> WHAT THE TASK ASKS: Below is a listing to transcribe in full and exactly; keep the pictures out.

> DATASET EXCERPT:
__________
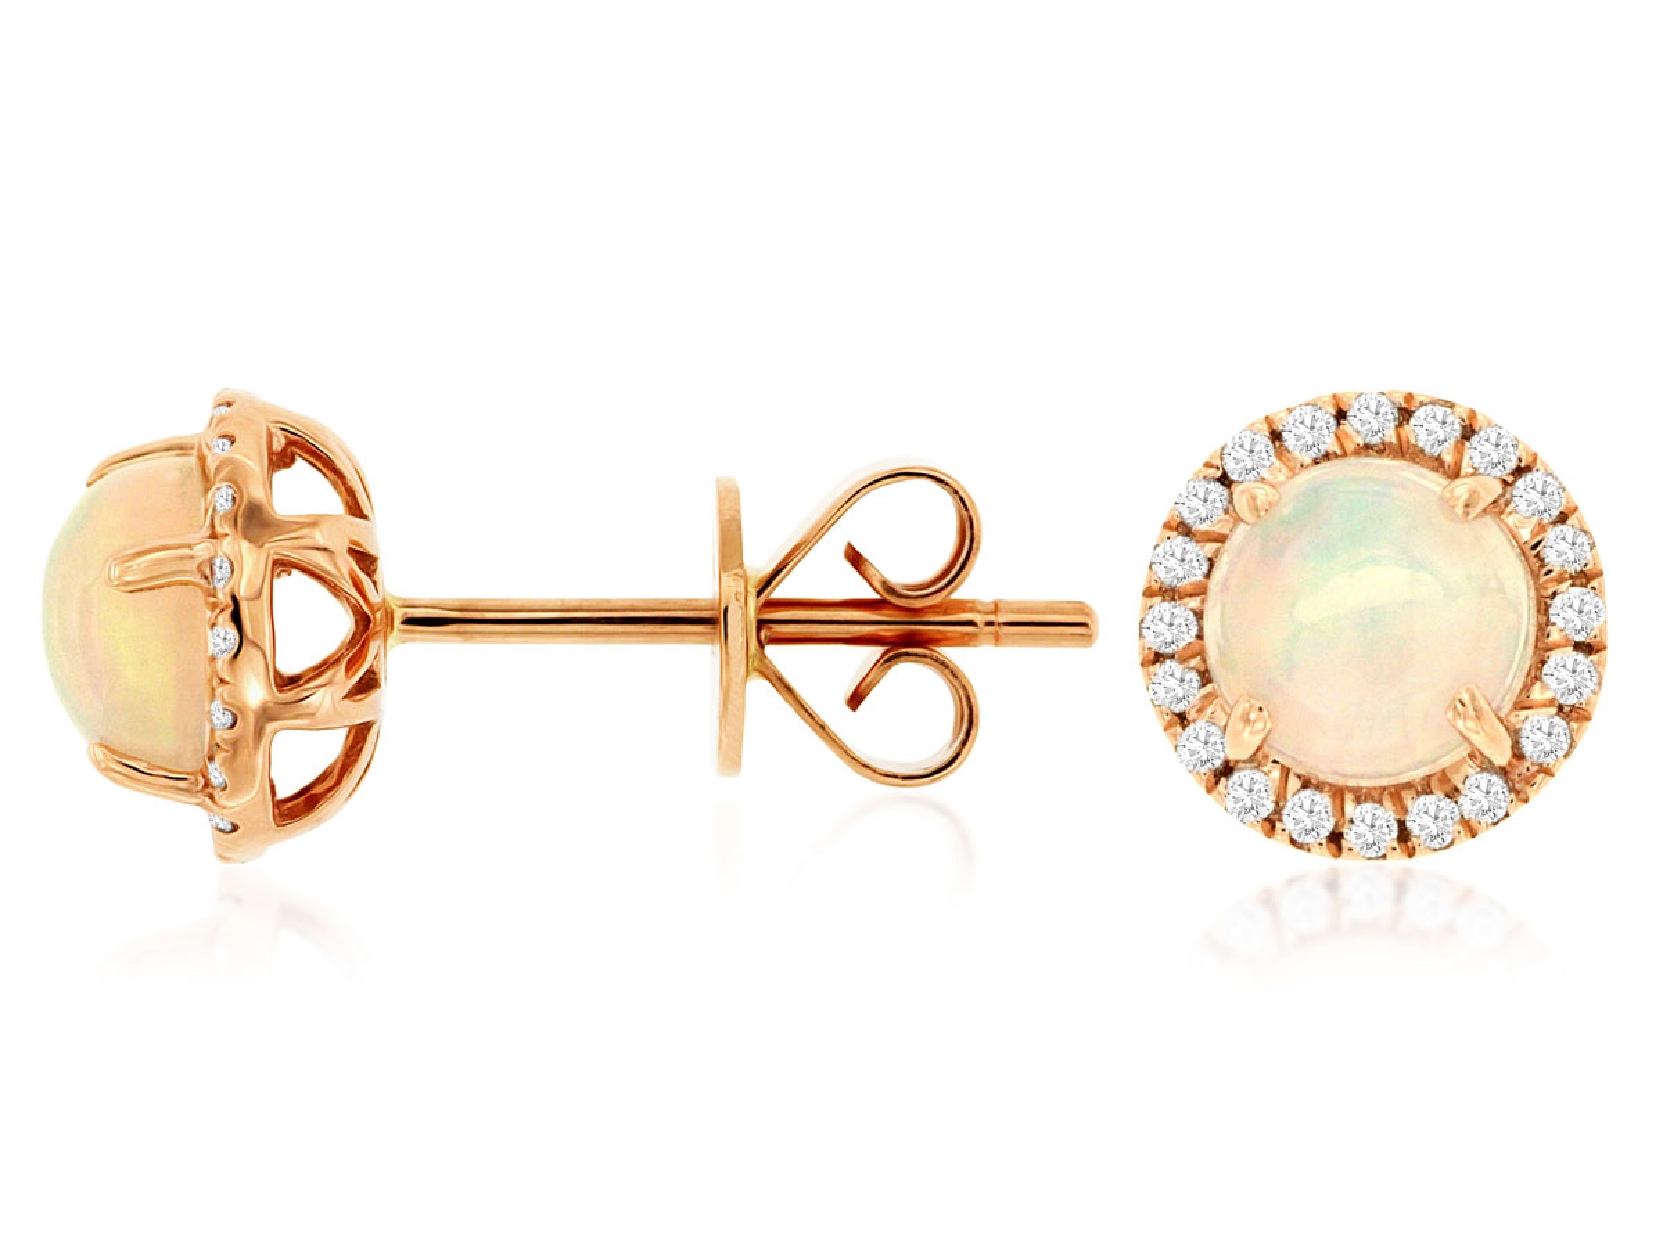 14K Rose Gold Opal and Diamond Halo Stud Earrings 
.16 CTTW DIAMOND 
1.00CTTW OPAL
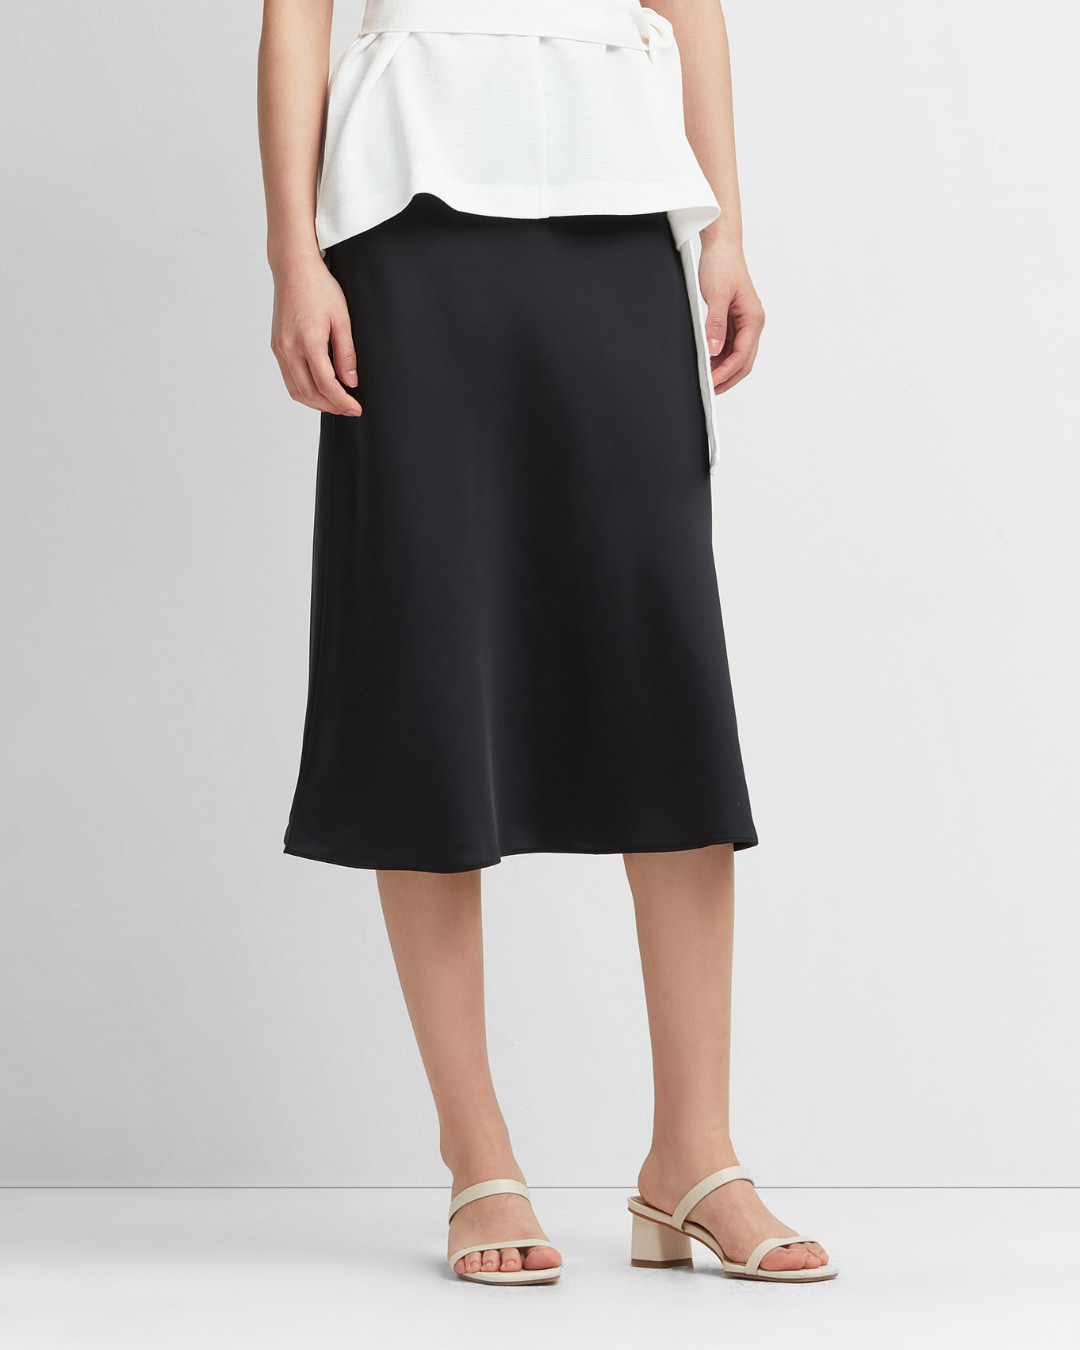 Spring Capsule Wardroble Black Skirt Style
__________
> ANSWER SPACE:
 14K Rose Gold Opal and Diamond Halo Stud Earrings 
.16 CTTW DIAMOND 
1.00CTTW OPAL
 Spring Capsule Wardroble Black Skirt Style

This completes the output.